AlgaeBaseR

Overview

The AlgaeBaseR package provides tools to interact with the AlgaeBase API, download datasets, and correct scientific names for phytoplankton and other organisms. This package includes functions to fetch records for species or genus, download taxonomic lists, and match scientific names.

Installation

You can install the necessary packages and dependencies by running the load_packages() function:

# Load necessary libraries
load_packages()

Functions

1. `AlgaeBase_records_genus`

This function retrieves genus records from AlgaeBase by querying the genus name.

Usage

AlgaeBase_records_genus(genus, api_key, offset = 0, count = 100)

Arguments

genus: The name of the genus to query.
api_key: Your AlgaeBase API key.
offset: Pagination offset (default is 0).
count: The number of records to fetch (default is 100).

Example

genus_data <- AlgaeBase_records_genus("Phaeocystis", api_key = "your_api_key")
print(genus_data)

2. `AlgaeBase_records_species`

This function queries species data from the AlgaeBase API and can optionally retrieve genus-level data. It also provides a filtering mechanism based on name similarity using a Levenshtein distance threshold.

Usage

AlgaeBase_records_species(scientific_names, api_key = Sys.getenv("ALGAEBASE_API_KEY"), offset = 0, count = 10000, threshold = 1.5, add_taxo = TRUE, apply_filter = TRUE)

Arguments

scientific_names: A character vector of species scientific names to query.
api_key: A string representing the AlgaeBase API key. This can either be passed directly or retrieved from the environment variable 'ALGAEBASE_API_KEY'.
offset: An integer value for pagination (default is 0).
count: The number of records to fetch per request (default is 10,000).
add_taxo: A logical value indicating whether genus-level taxonomy should be included in the output (default is TRUE).
threshold: A numeric value indicating the Levenshtein distance threshold for matching species names. A higher threshold allows for more distant matches (default is 1.5).
apply_filter: A logical value indicating whether to apply the filtering based on name similarity using the threshold (default is TRUE).

Example

# Define a vector of species scientific names
species_names <- c("Phaeocystis pouchetii", "Microcystis pulverea", "Chaetoceros gelida")
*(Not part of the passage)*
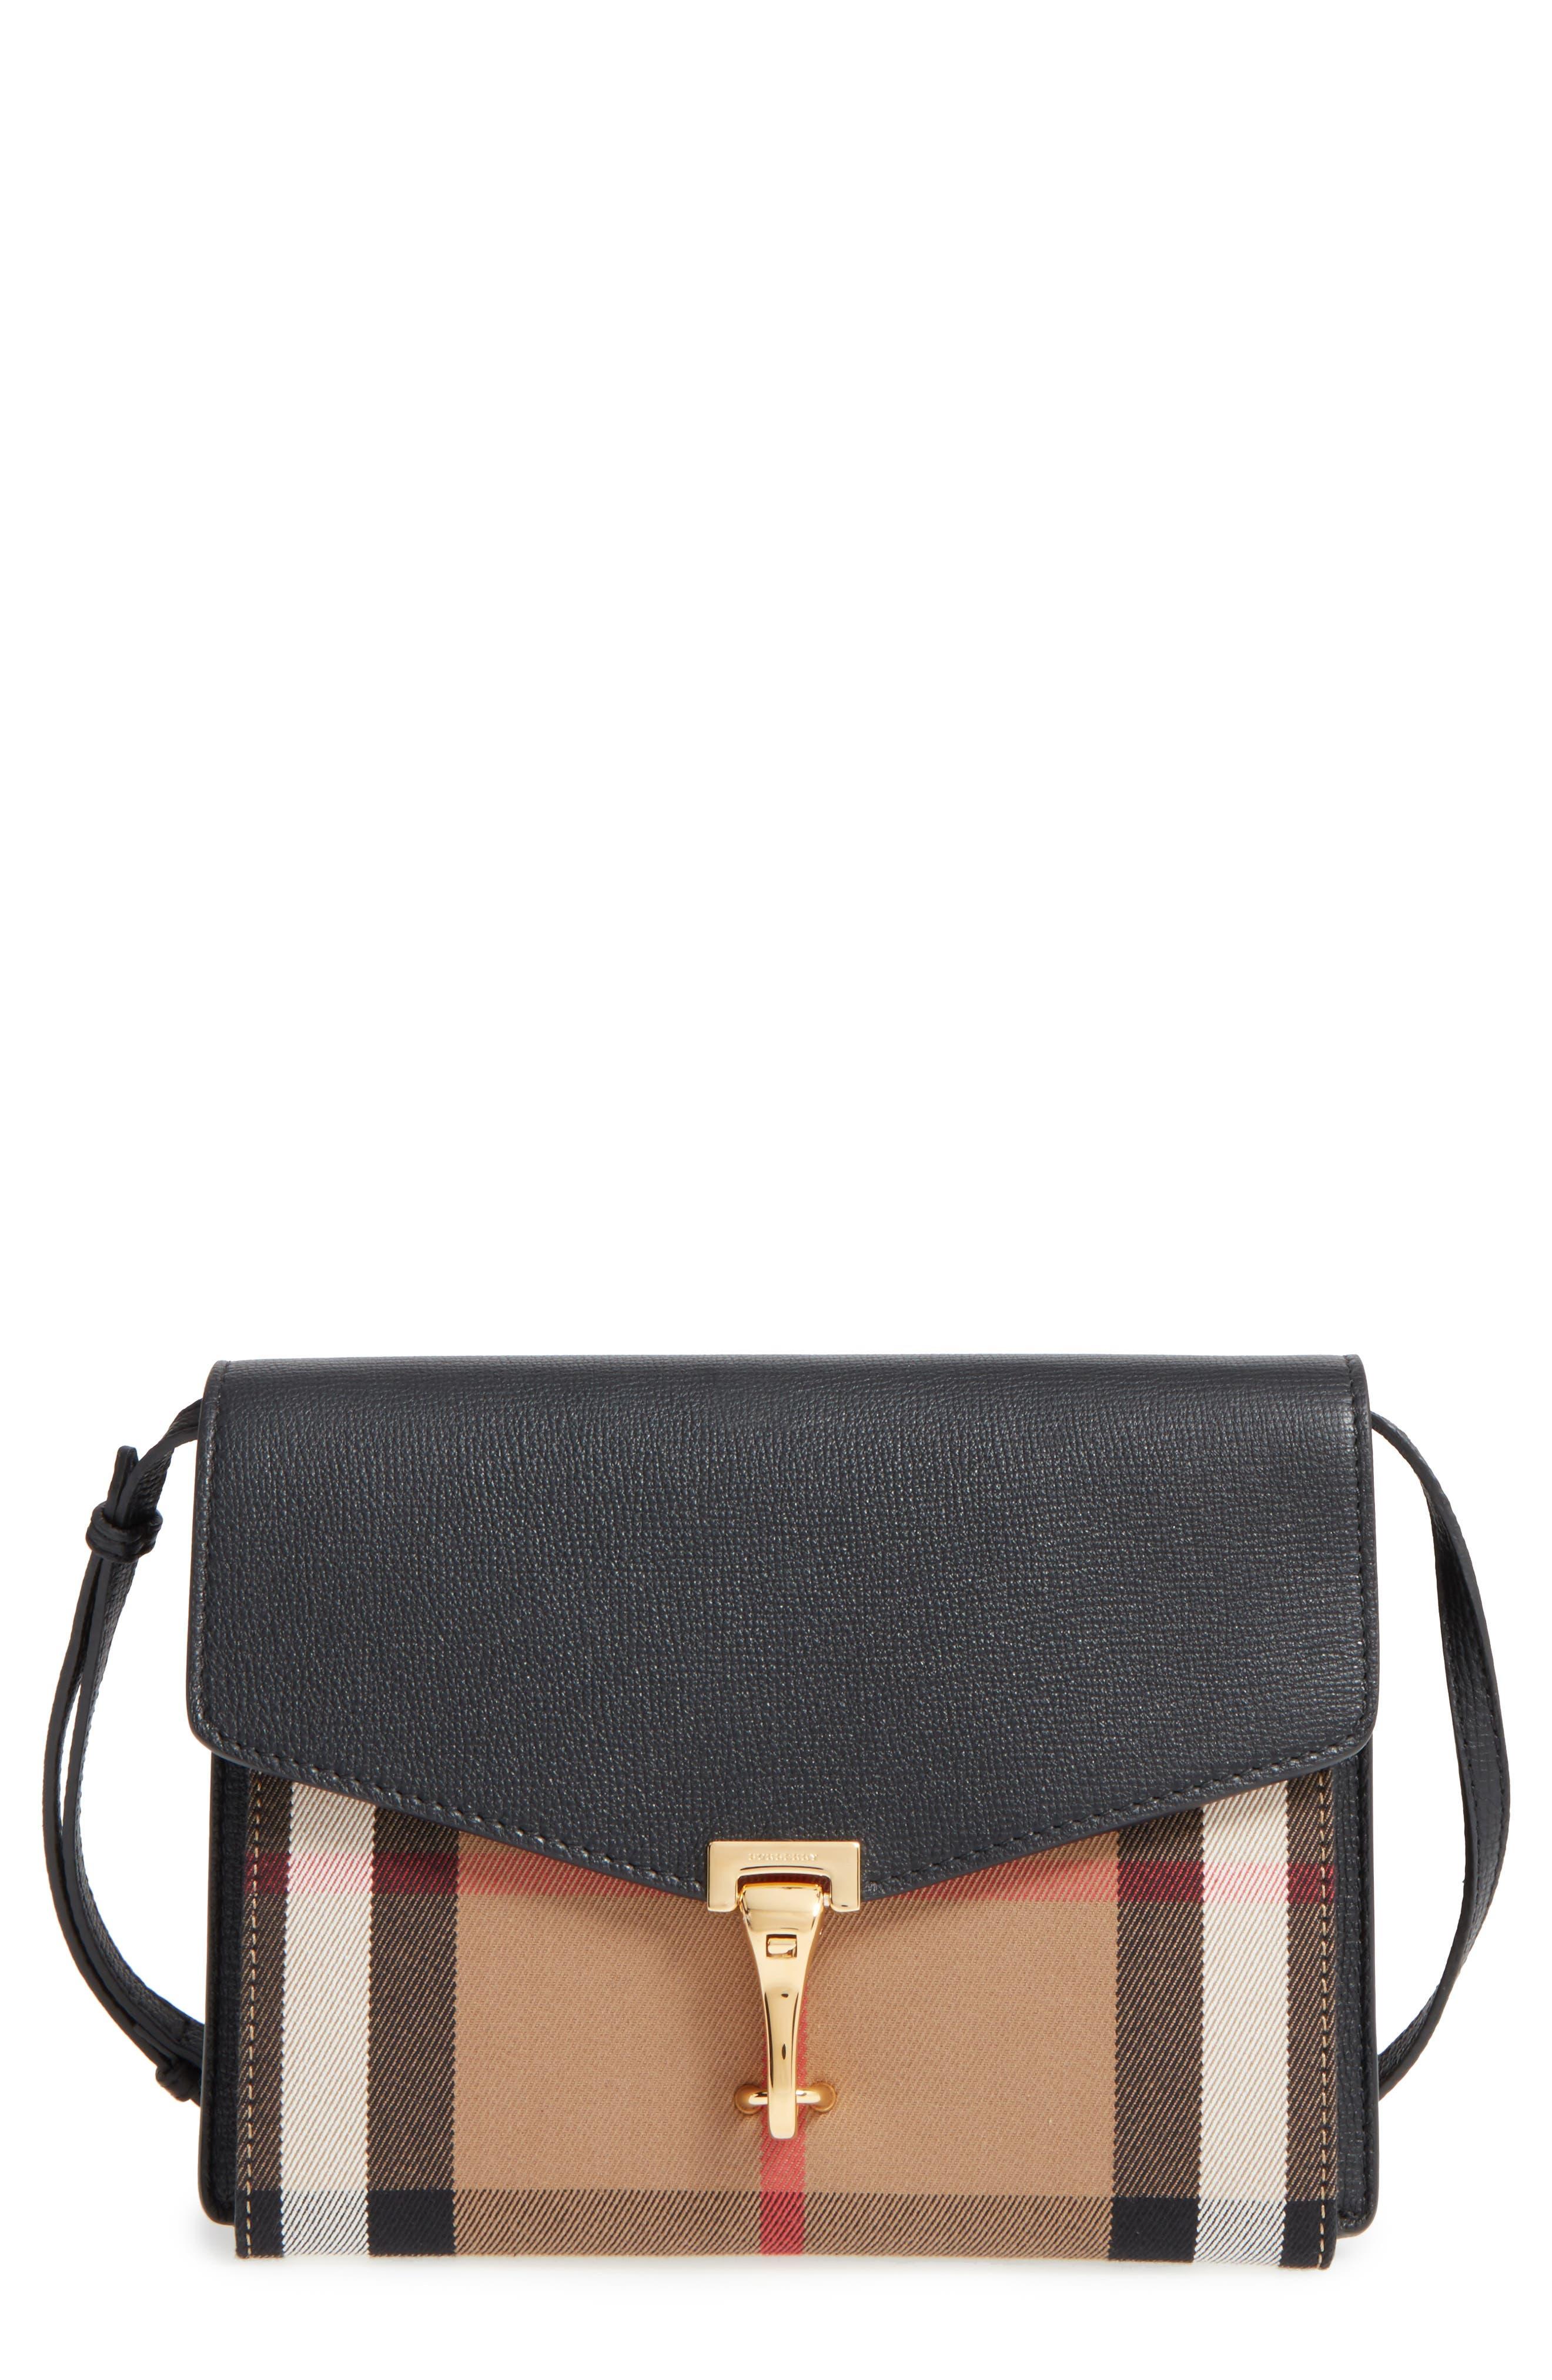 'Small Macken' Check Crossbody Bag,                             Main thumbnail 1, color,                             BLACK

# Query AlgaeBase with genus-level taxonomy and apply filtering based on name similarity
species_data <- AlgaeBase_records_species(
  scientific_names = species_names,
  api_key = "your_api_key",
  add_taxo = TRUE,
  apply_filter = TRUE
)

# View the retrieved data
print(species_data)

3. `AlgaeBase_records_IDs`

This function retrieves records from AlgaeBase by using species or genus IDs.

Usage

AlgaeBase_records_IDs(ids, api_key, offset = 0, count = 100)

Arguments

ids: A vector of species or genus IDs to query.
api_key: Your AlgaeBase API key.
offset: Pagination offset (default is 0).
count: The number of records to fetch (default is 100).

Example

ids_data <- AlgaeBase_records_IDs(c(1234, 5678), api_key = "your_api_key")
print(ids_data)

4. `AlgaeBase_name2id`

This function retrieves the AlgaeBase ID corresponding to a scientific name.

Usage

AlgaeBase_name2id(scientific_names, api_key)

Arguments

scientific_names: A vector of scientific names to query.
api_key: Your AlgaeBase API key.

Example

id_data <- AlgaeBase_name2id(c("Phaeocystis pouchetii"), api_key = "your_api_key")
print(id_data)

5. `AlgaeBase_records_creator`

This function fetches the metadata of species records from the API, including the creator and bibliographic citation.

Usage

AlgaeBase_records_creator(scientific_names, api_key, offset = 0, count = 100)

Arguments

scientific_names: A vector of scientific names to query.
api_key: Your AlgaeBase API key.
offset: Pagination offset (default is 0).
count: The number of records to fetch (default is 100).

Example

creator_data <- AlgaeBase_records_creator("M.D. Guiry", api_key = "your_api_key")
print(creator_data)

6. `download_nordic_microalgae`

This function downloads the Nordic Microalgae checklist from the Swedish Meteorological and Hydrological Institute (SMHI) and loads it into an R dataframe. Optionally, it can save the file to disk if write = TRUE.

Usage

download_nordic_microalgae(save_dir = tempdir(), write = FALSE)

Arguments

save_dir: A character string indicating the directory where the file will be saved if write = TRUE. Defaults to a temporary directory (tempdir()).
write: A logical value indicating whether the file should be saved to disk. Defaults to FALSE (i.e., data is only loaded into memory).

Example

# Download the Nordic Microalgae checklist and load it into memory
nordic_microalgae_df <- download_nordic_microalgae(write = FALSE)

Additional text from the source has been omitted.